**Work instructions:** Leaving every picture out, please return exactly the lines from the top of the material below through the line with "Economic analysis of", both included.

**Data below:**
• • • •

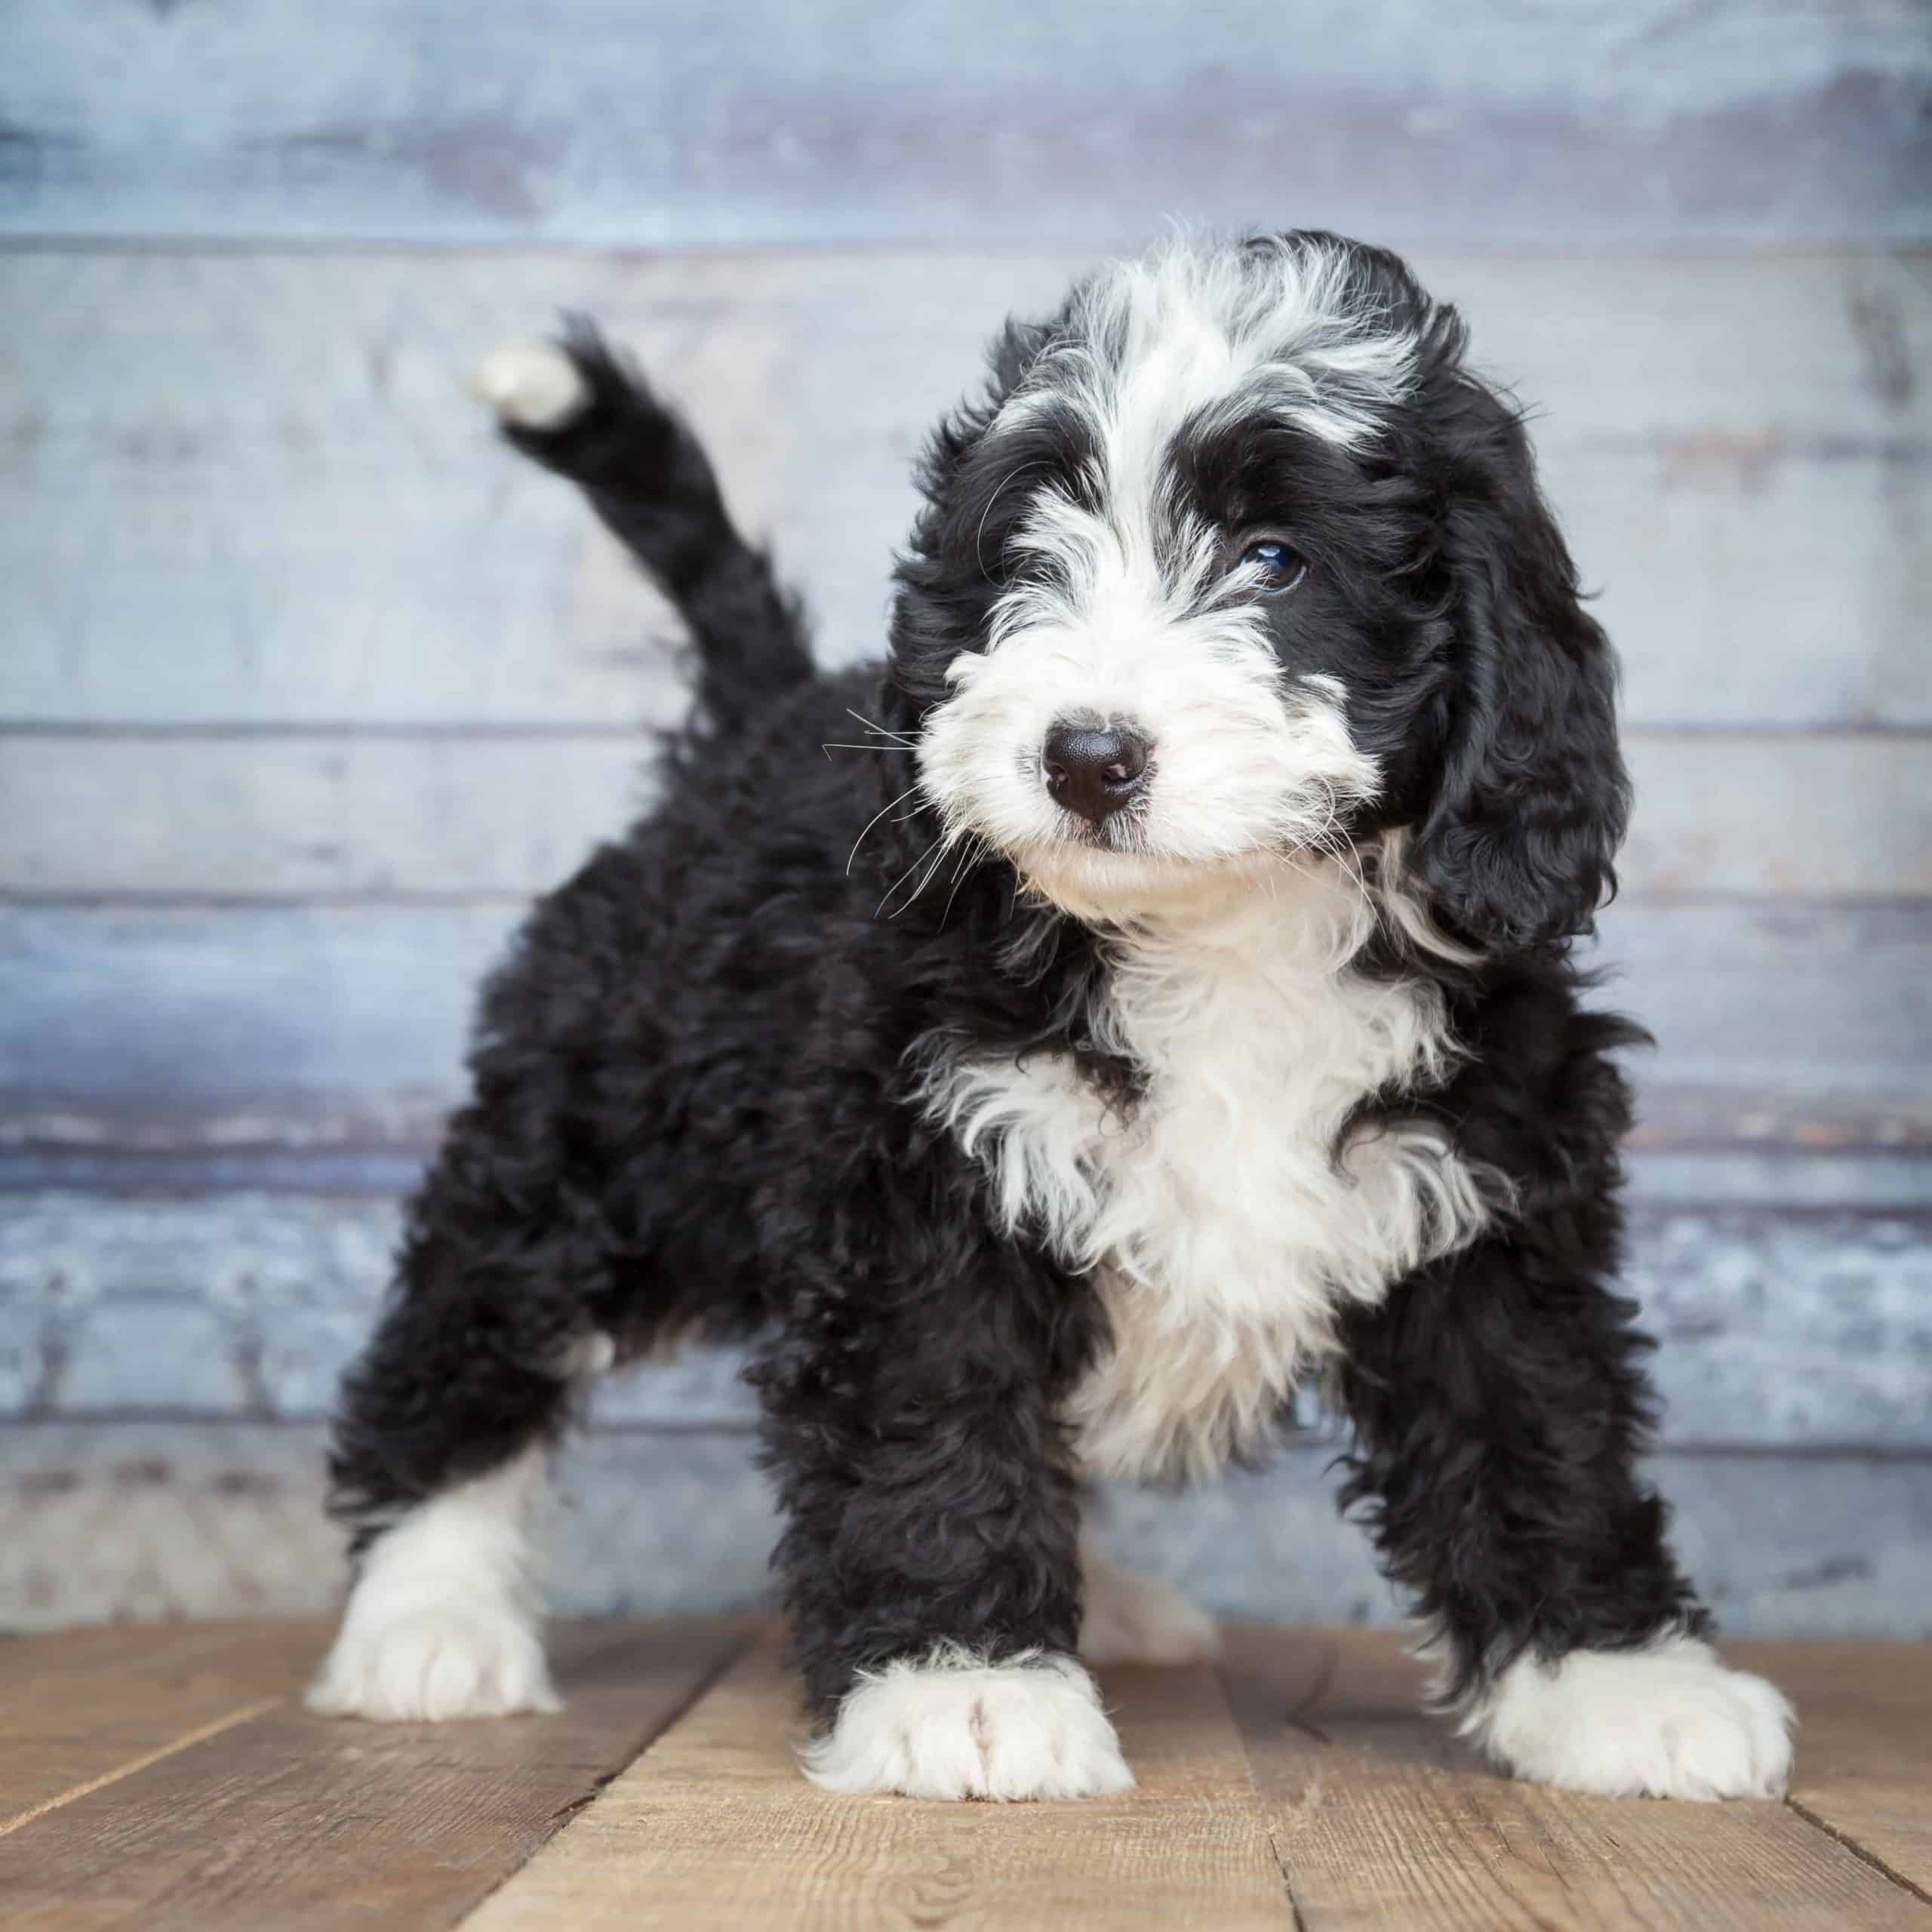 Mini-bernedoodle puppy. The mini-bernadoodle is extremely intelligent, making it easier than other breeds to train. They also are playful and need lots of exercise.
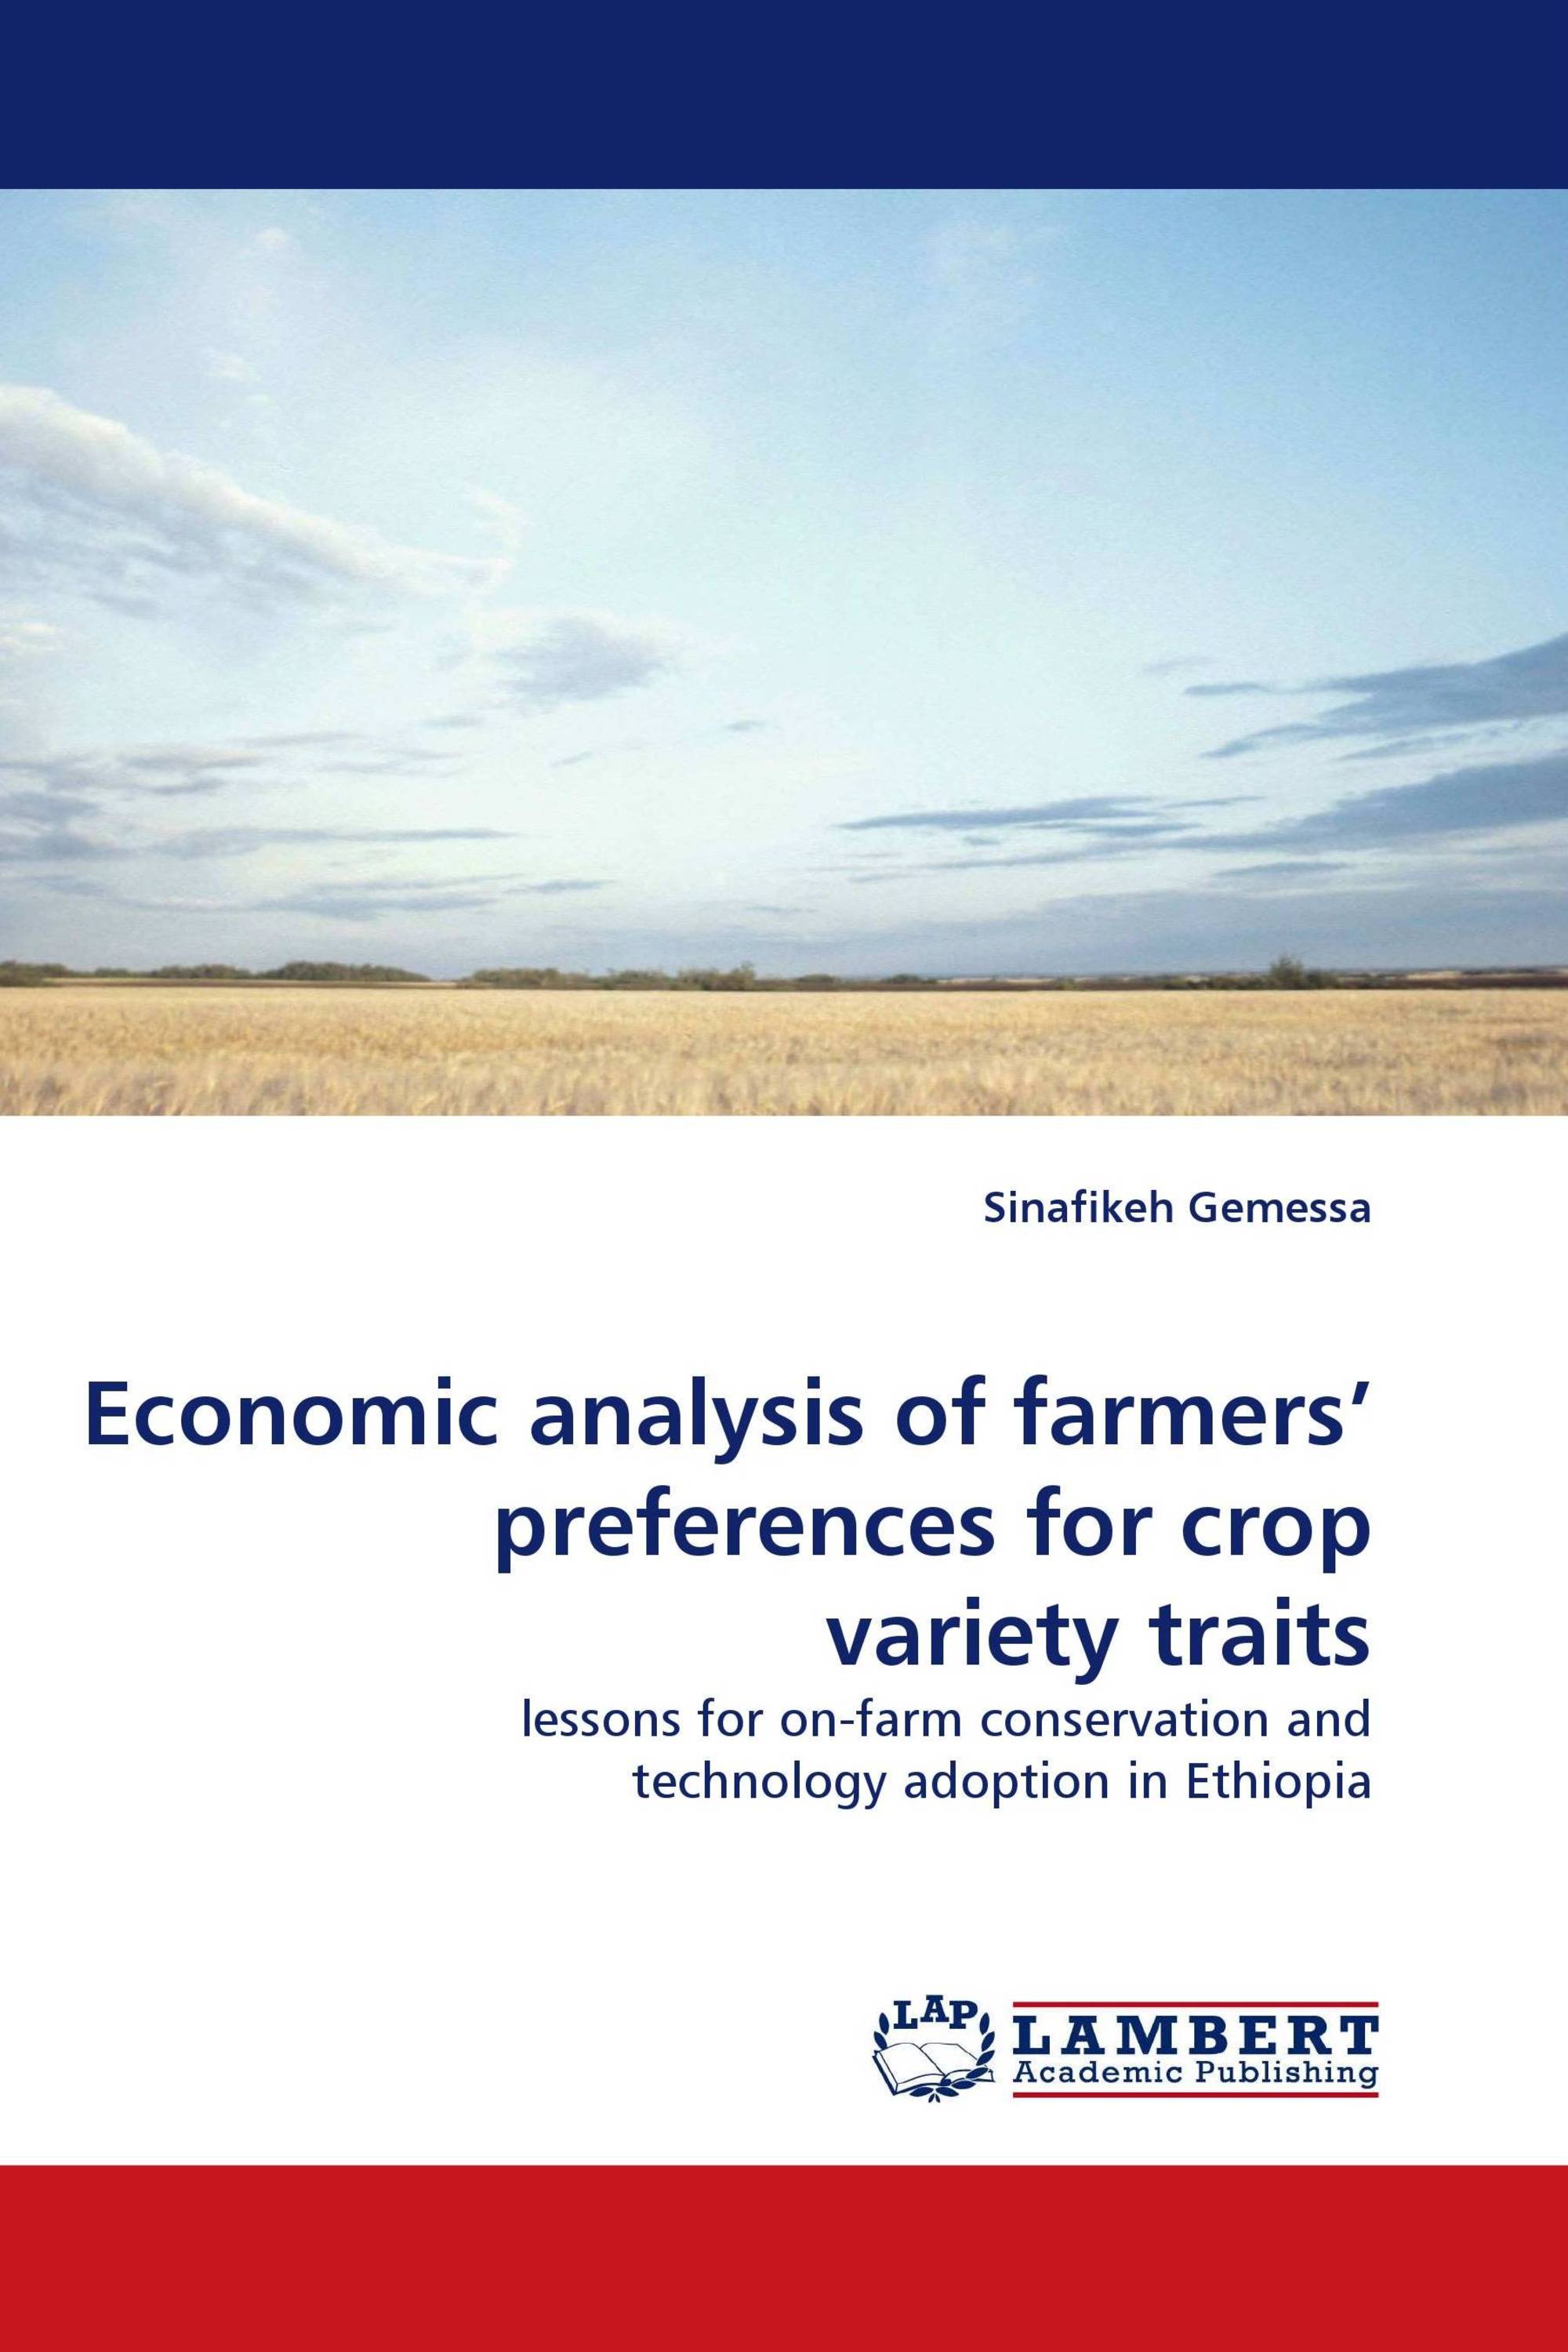 Economic analysis of farmers’ preferences for crop variety traits
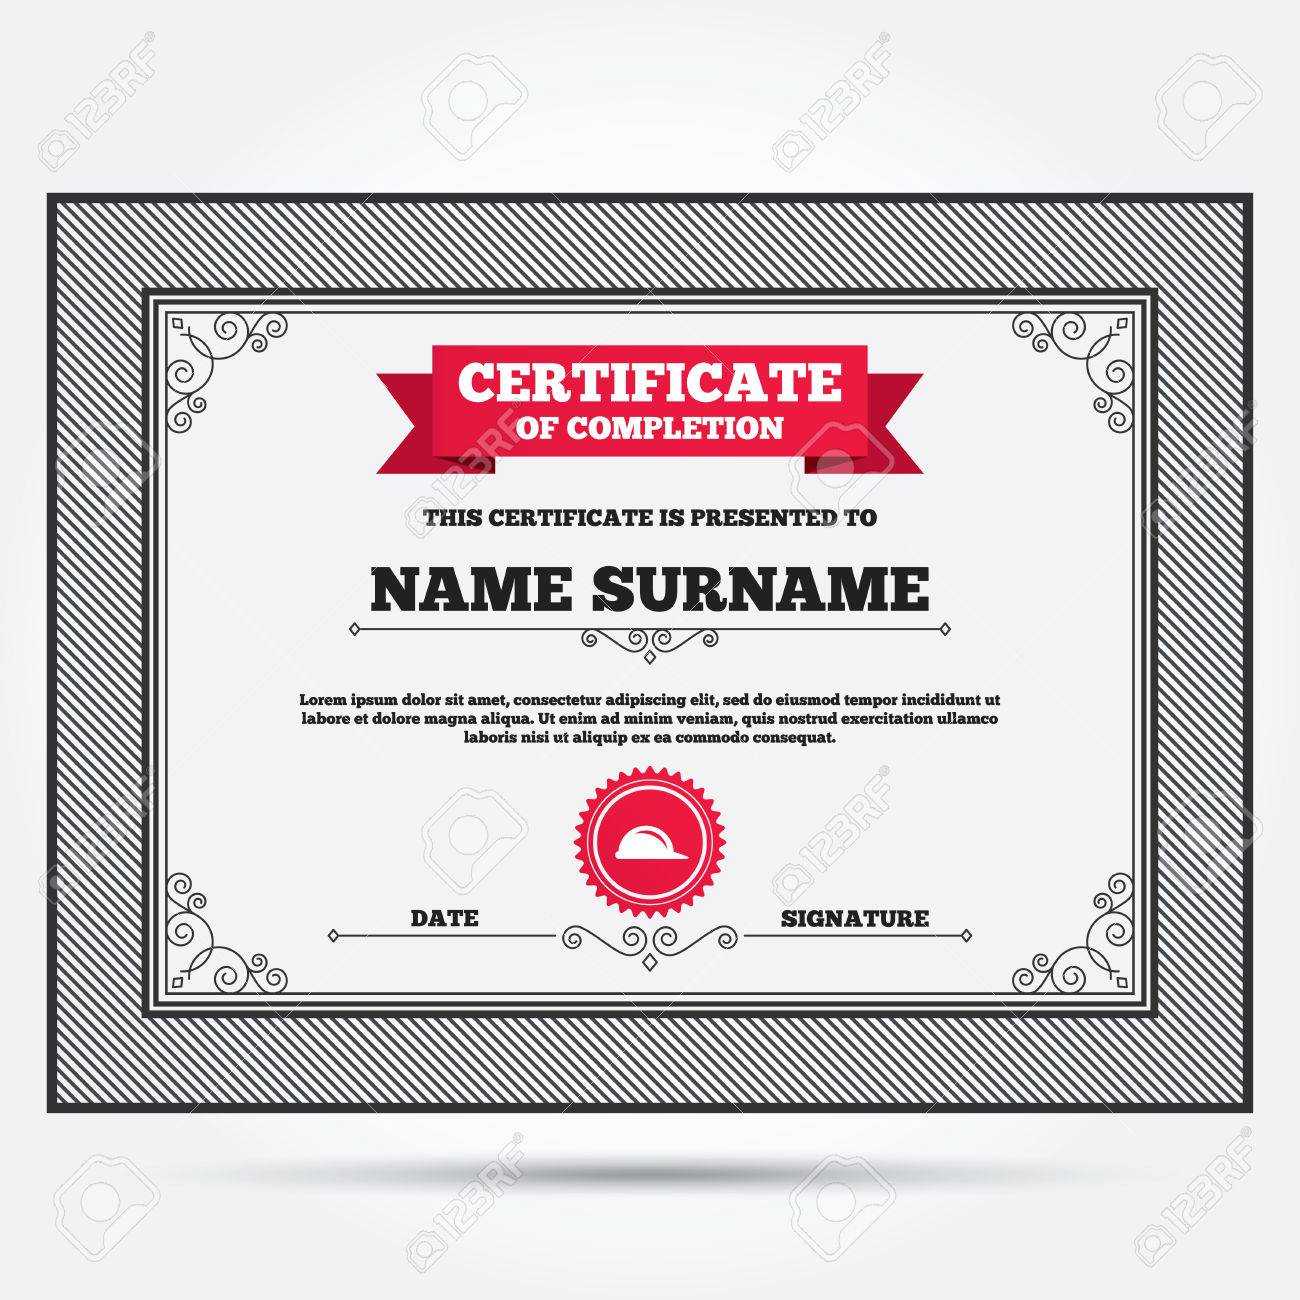 Certificate Of Completion. Hard Hat Sign Icon. Construction Helmet.. Pertaining To Certificate Of Completion Template Construction

• • • •

**Exercise answer:**
 Mini-bernedoodle puppy. The mini-bernadoodle is extremely intelligent, making it easier than other breeds to train. They also are playful and need lots of exercise.
 Economic analysis of farmers’ preferences for crop variety traits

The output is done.